Goal of the exercise
Repeat the listing exactly. Any picture in it should be left out of the copy.
*** Supplied material ***
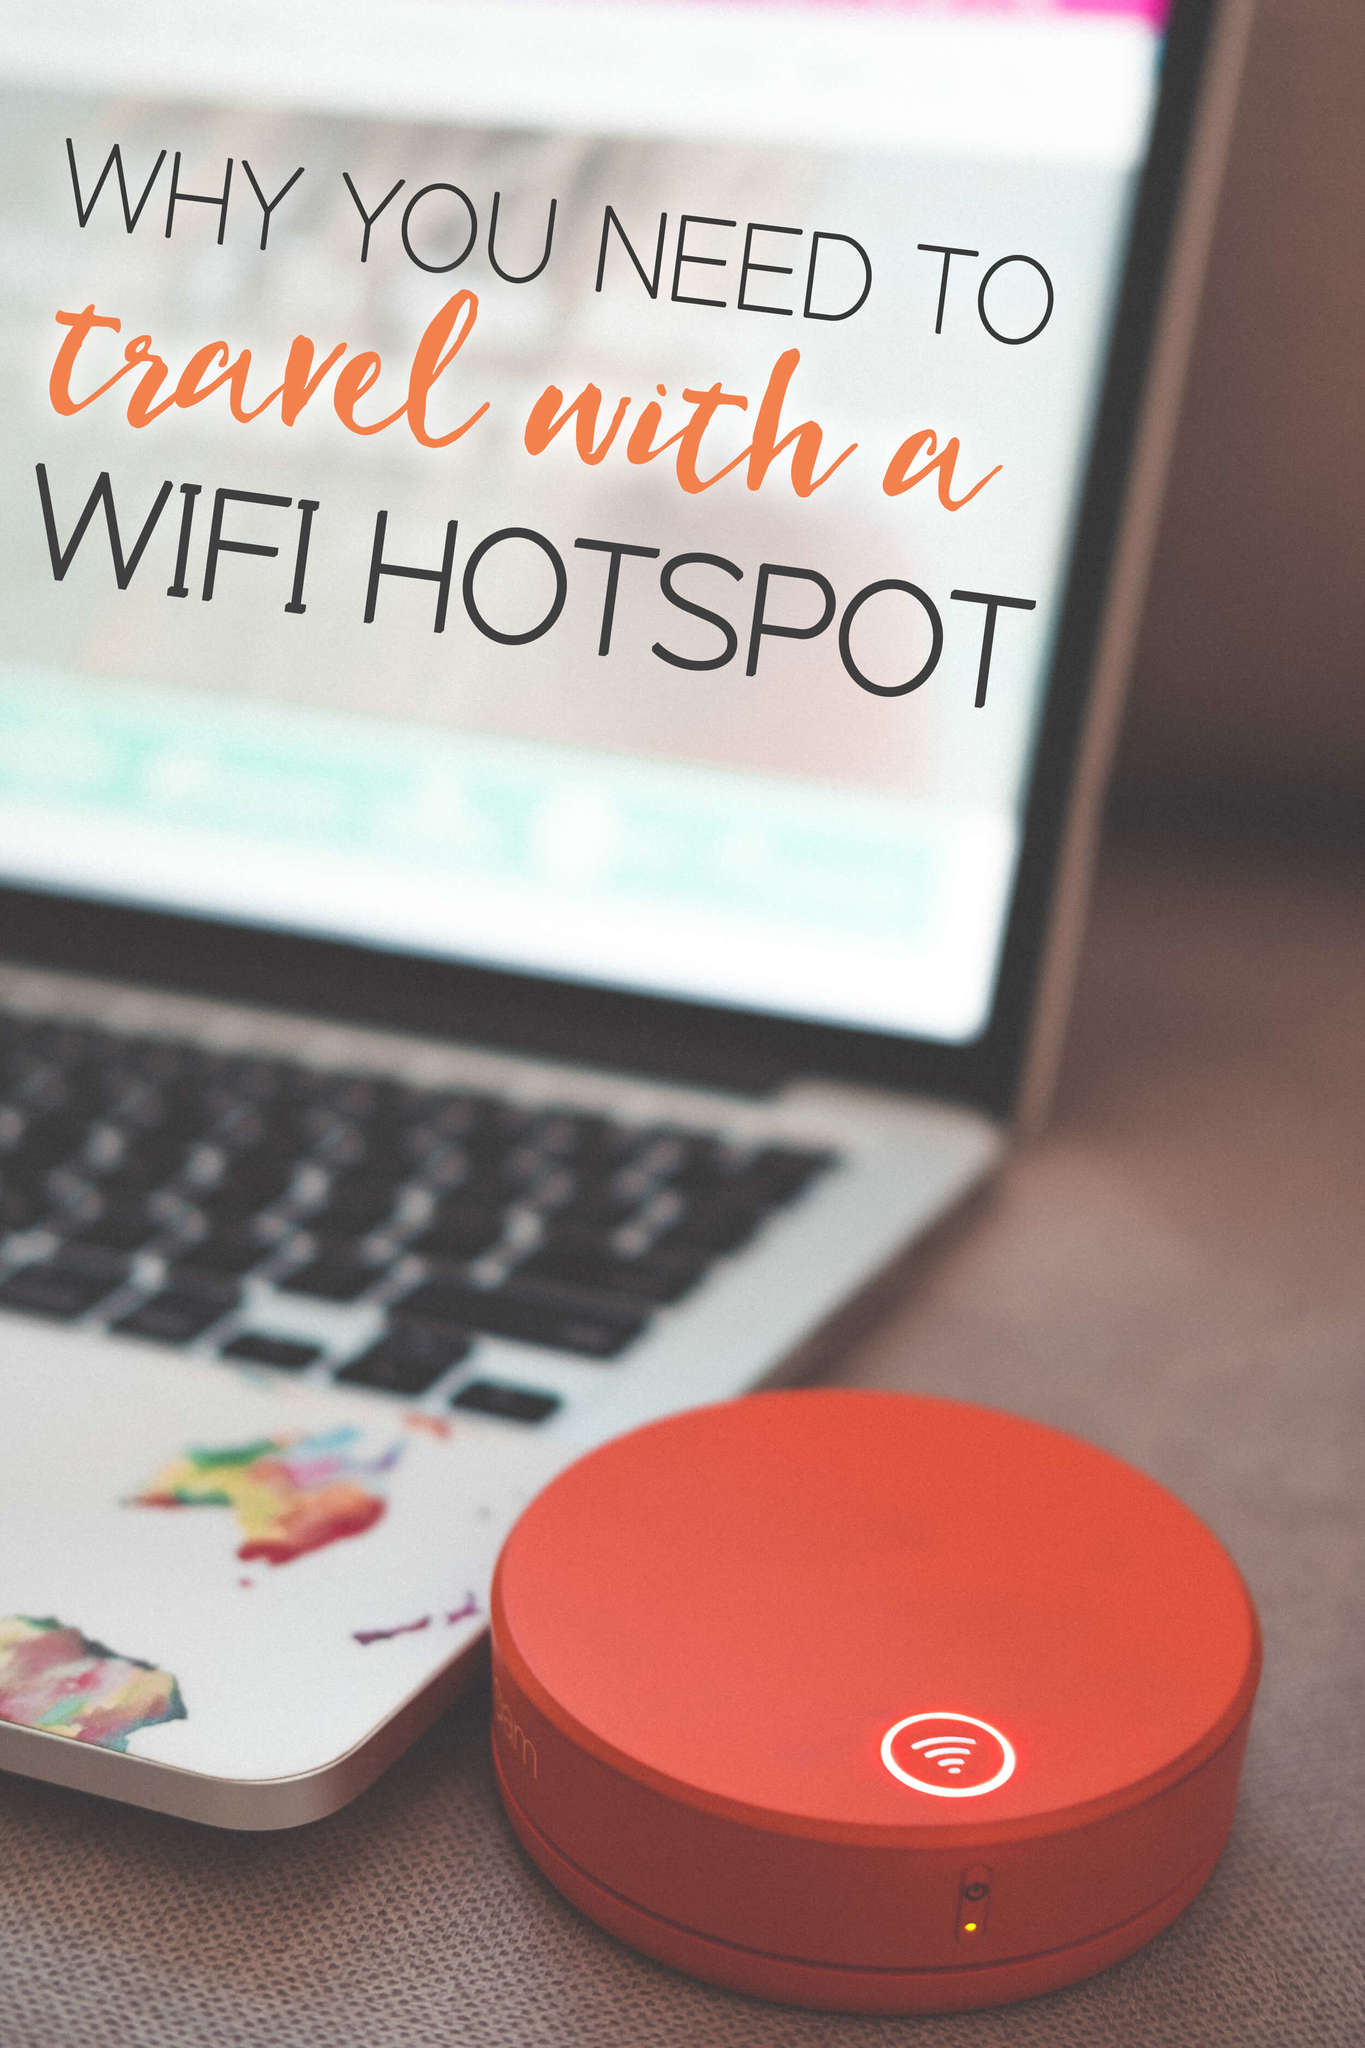 Why You Need to Travel with a Wi-Fi Hotspot
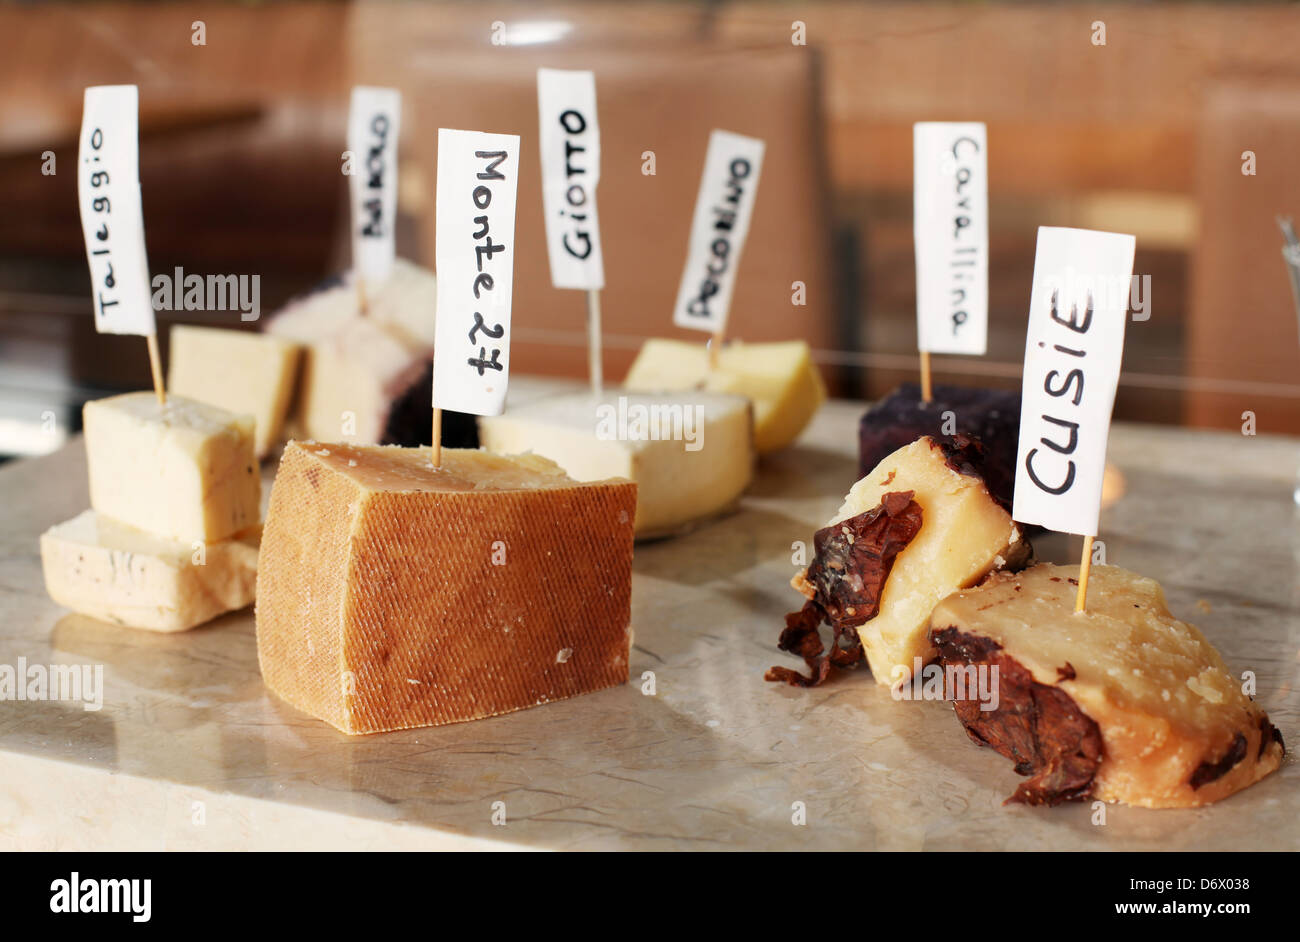 Assortment of cheeses with names. Stock Photo
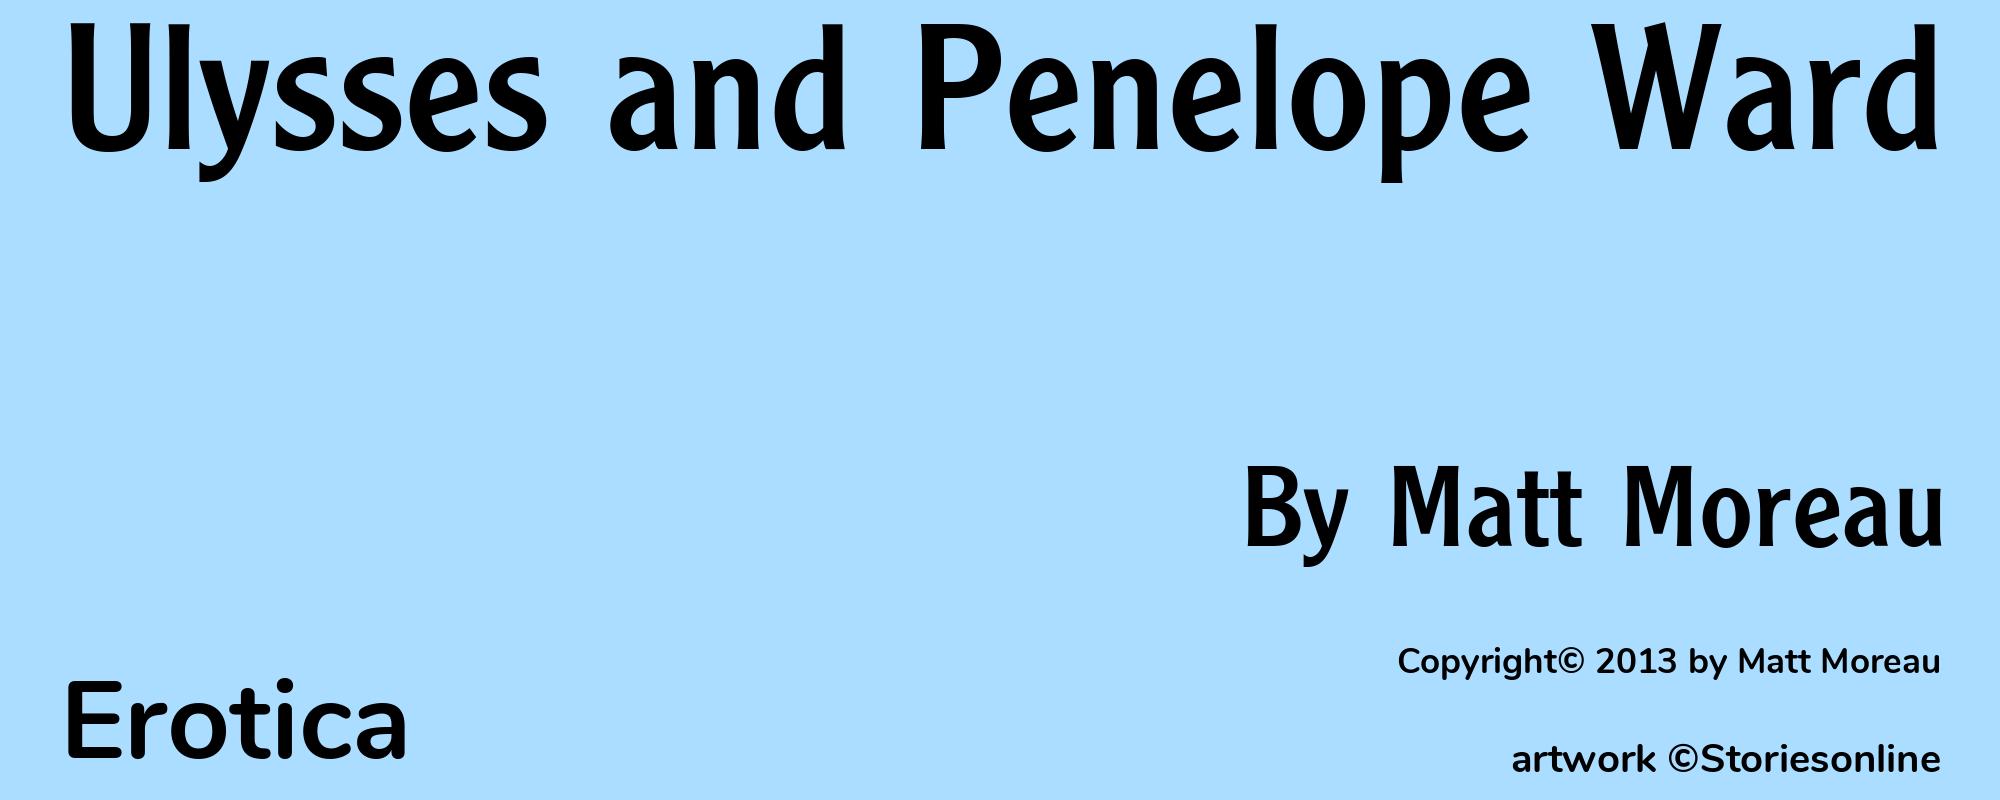 Ulysses and Penelope Ward - Cover
***
Task solution
 Why You Need to Travel with a Wi-Fi Hotspot
 Assortment of cheeses with names. Stock Photo
 Ulysses and Penelope Ward - Cover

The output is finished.